**Try it**: Pictures stay out, but every line of the data is copied exactly.

**Supplied information**:
——

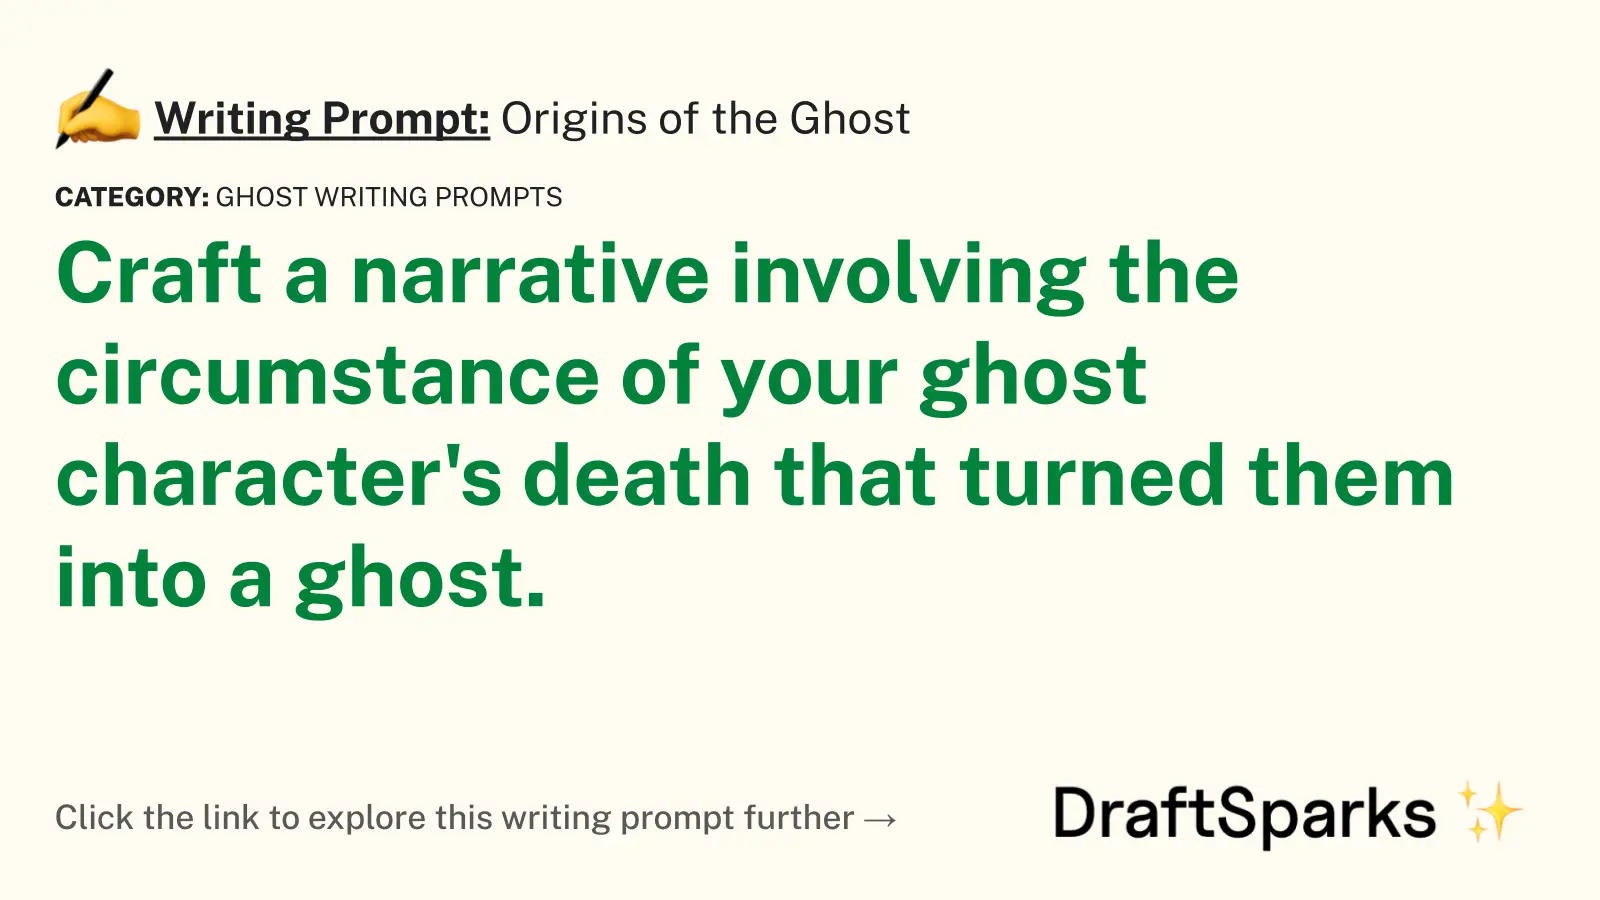 Origins of the Ghost
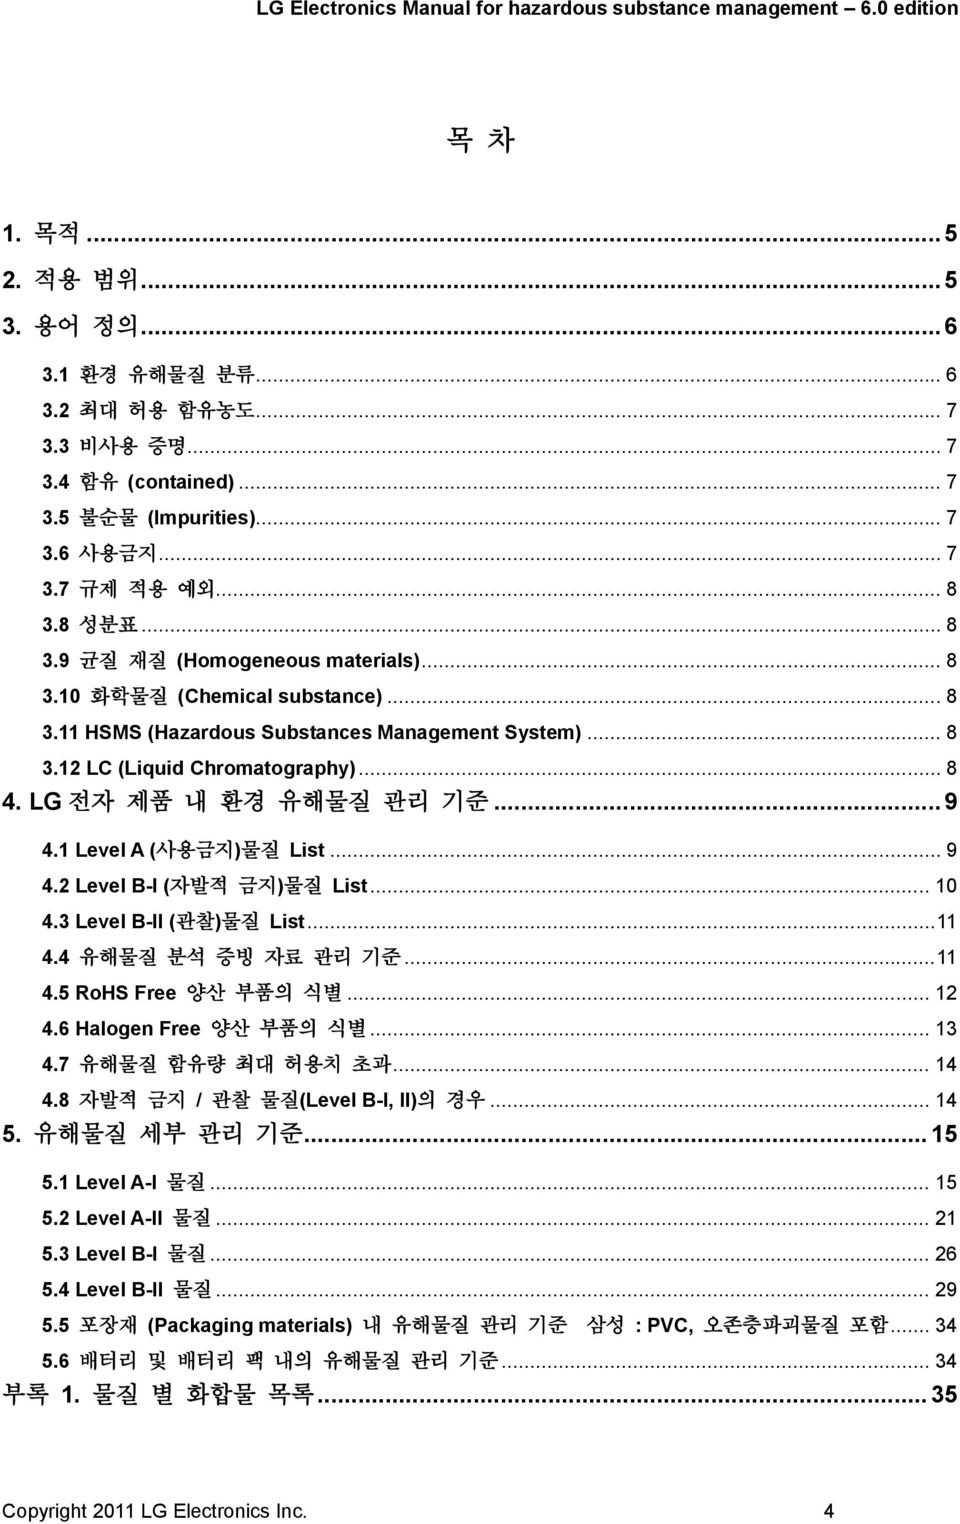 LG 전자 제품 내 환경 유해물질 관리 기준... 9 4.1 Level A (사용금지)물질 List... 9 4.2 Level B-I (자발적 금지)물질 List... 10 4.3 Level B-II (관찰)물질 List... 11 4.4 유해물질 분석 증빙 자료 관리 기준... 11 4.5 RoHS Free 양산 부품의 식별... 12 4.
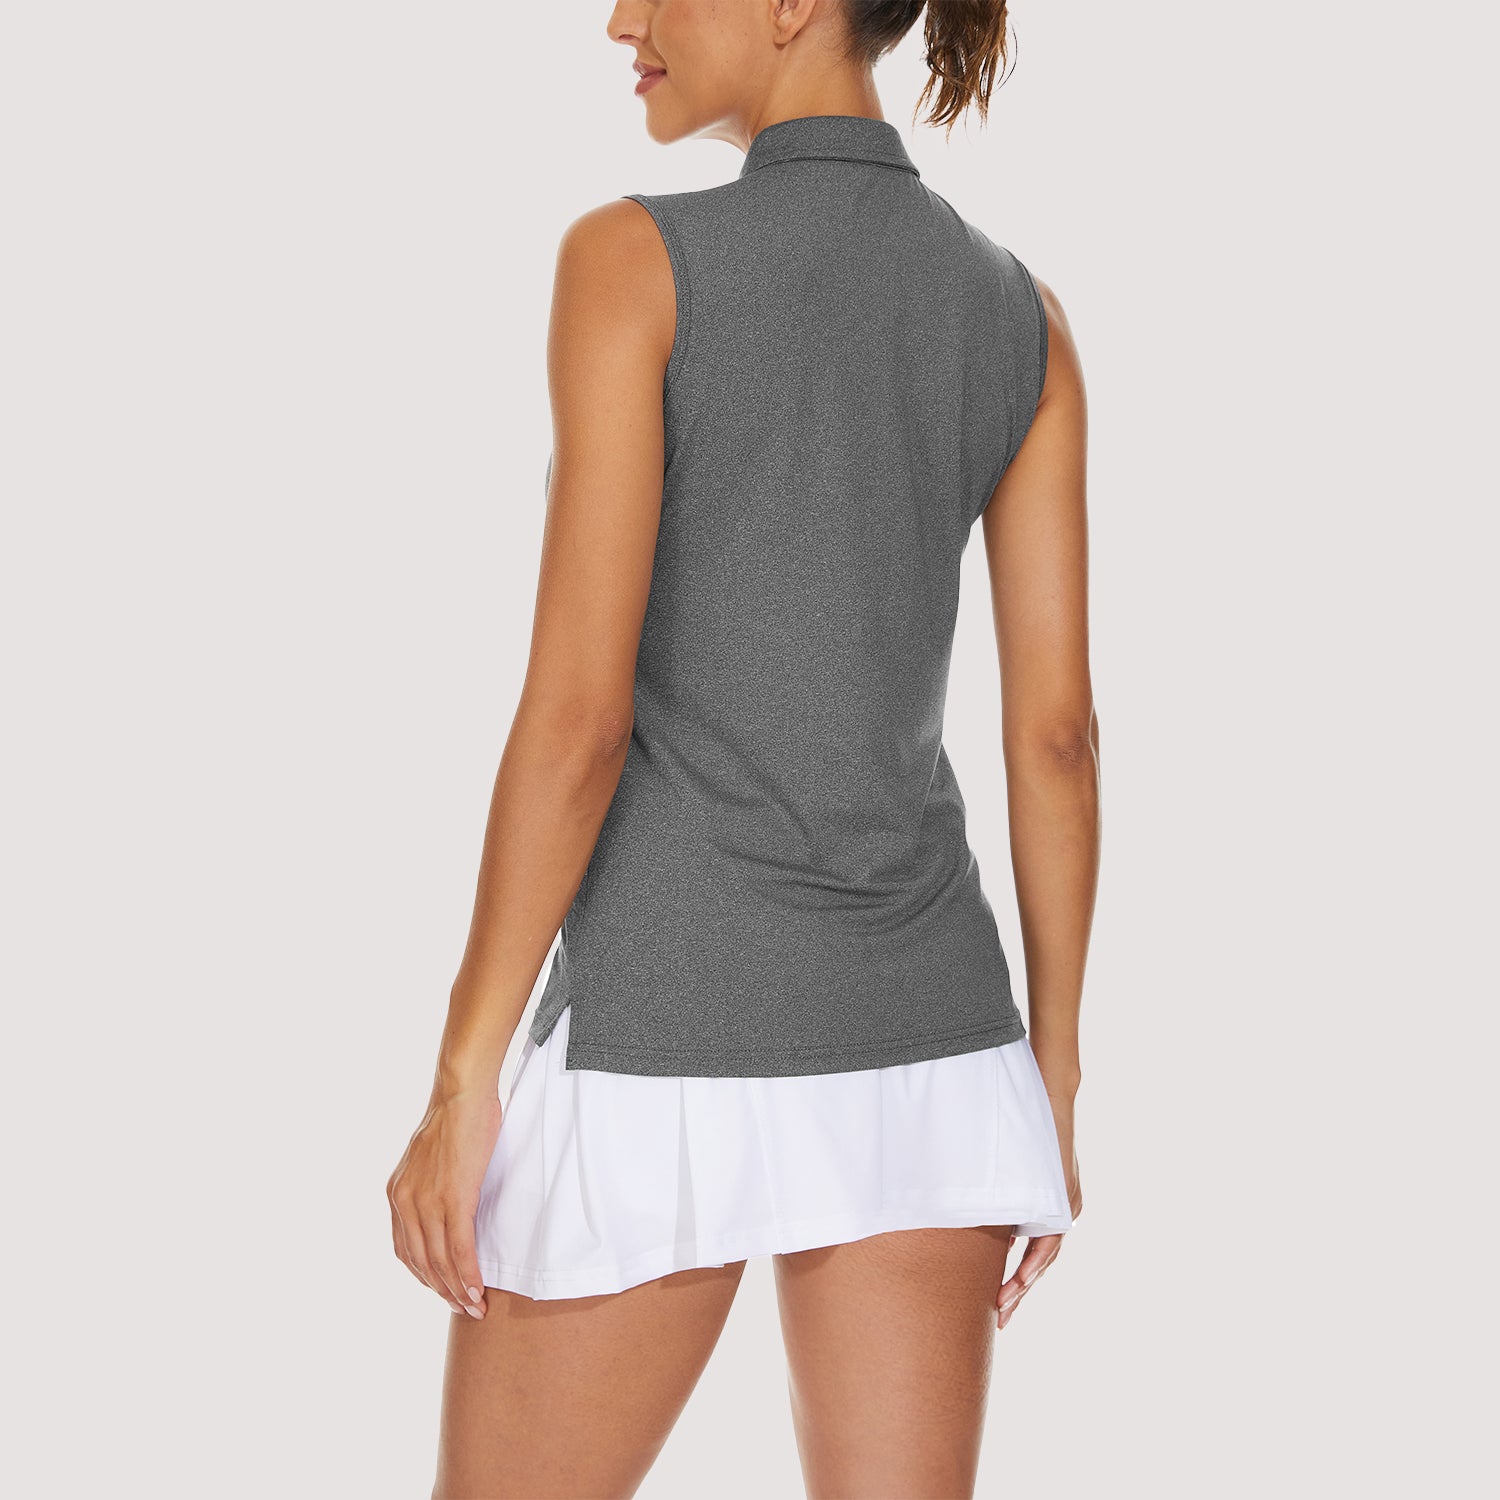 Women V-neck Sleeveless Golf Polo T-Shirt Raceback Tennis Outdoor
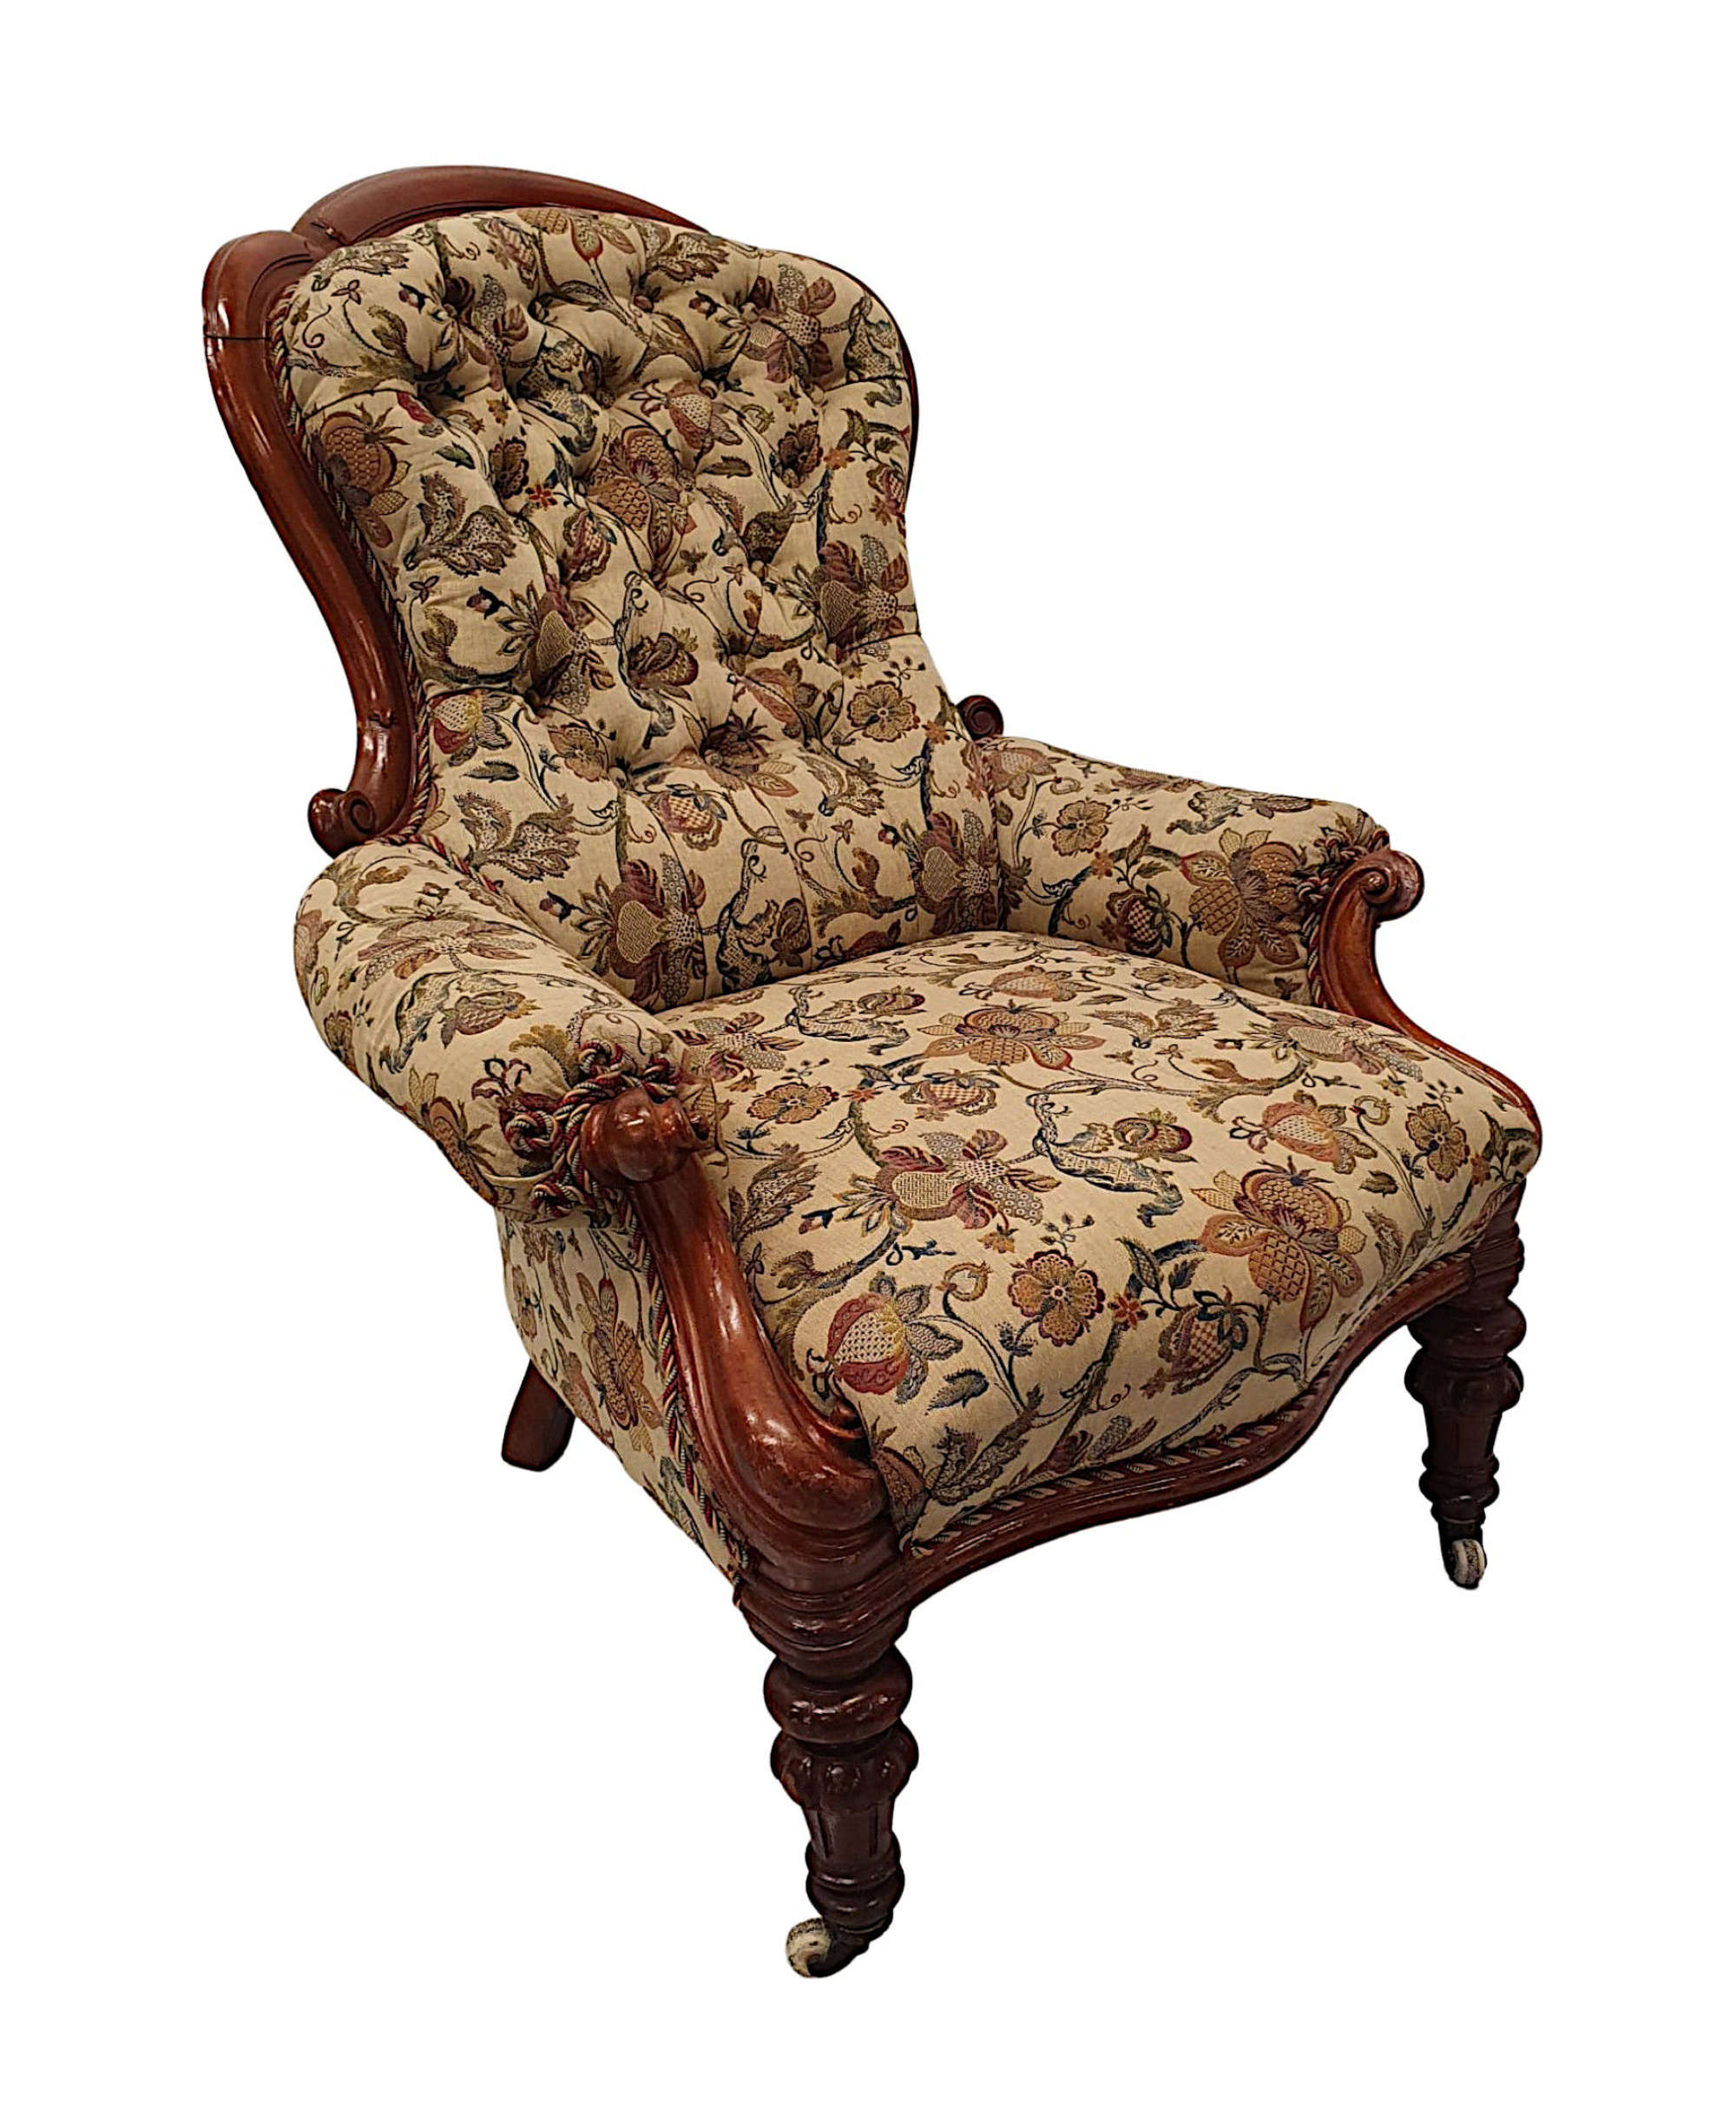 A Gorgeous 19th Century Antique Armchair

——

**Response to this task**:
 Origins of the Ghost
 LG 전자 제품 내 환경 유해물질 관리 기준... 9 4.1 Level A (사용금지)물질 List... 9 4.2 Level B-I (자발적 금지)물질 List... 10 4.3 Level B-II (관찰)물질 List... 11 4.4 유해물질 분석 증빙 자료 관리 기준... 11 4.5 RoHS Free 양산 부품의 식별... 12 4.
 Women V-neck Sleeveless Golf Polo T-Shirt Raceback Tennis Outdoor
 A Gorgeous 19th Century Antique Armchair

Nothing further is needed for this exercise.